Nutrition Information

  • calories 427
  • caloriesfromfat 26 %
  • protein 39 g
  • carbohydrate 44 g
  • sugars 21 g
  • fiber 4 g
  • fat 13 g
  • satfat 5 g
  • sodium 764 mg
  • cholesterol 109 mg

How to Make It

  1. Place twenty 8-inch wooden skewers in water to soak. Heat grill to medium-high. In a small bowl, combine the ketchup, honey, and Worcestershire sauce; set aside.

    Slice the chicken lengthwise into twenty 1/2-inch-thick strips. Thread each strip onto a wooden skewer. Season with 1/4 teaspoon salt and 1/4 teaspoon pepper.

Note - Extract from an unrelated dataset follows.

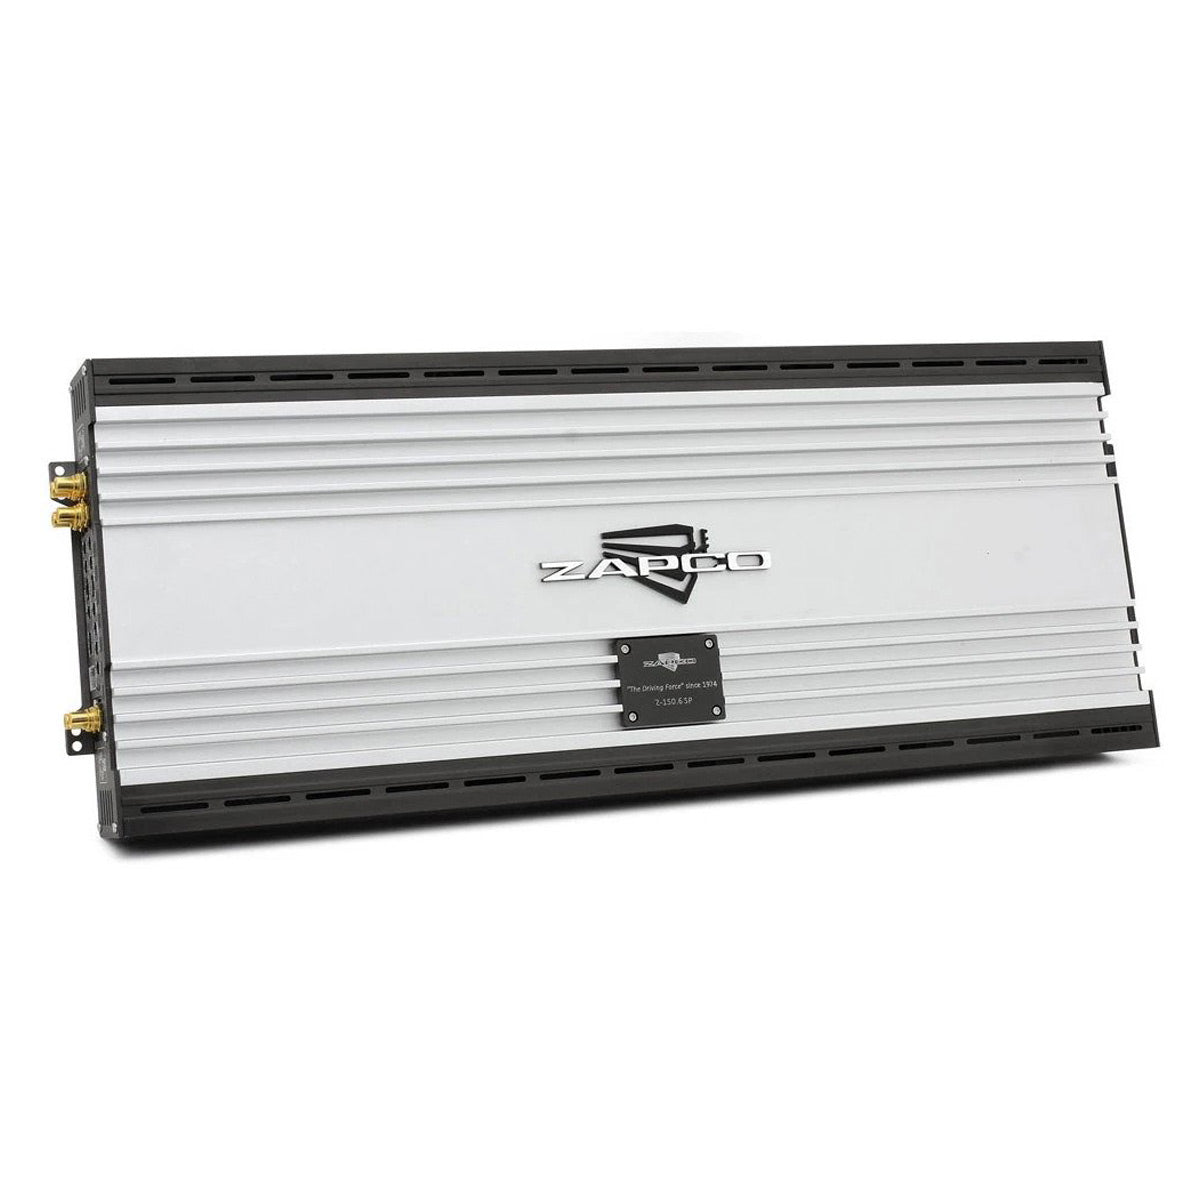 Zapco Z-150.6 SP 6-Channel 1650-Watt Super Power Class AB Amplifier

    Lightly oil the grill. Cook the chicken, turning occasionally, until cooked through, 6 to 8 minutes, basting with the ketchup mixture during the last 2 minutes of cooking.

    Meanwhile, grill the corn, turning occasionally, until slightly charred, 3 to 4 minutes. Cut the kernels off the cobs, place in a medium bowl, and toss with the butter, scallions, 1/4 teaspoon salt, and 1/4 teaspoon pepper. Serve with the chicken.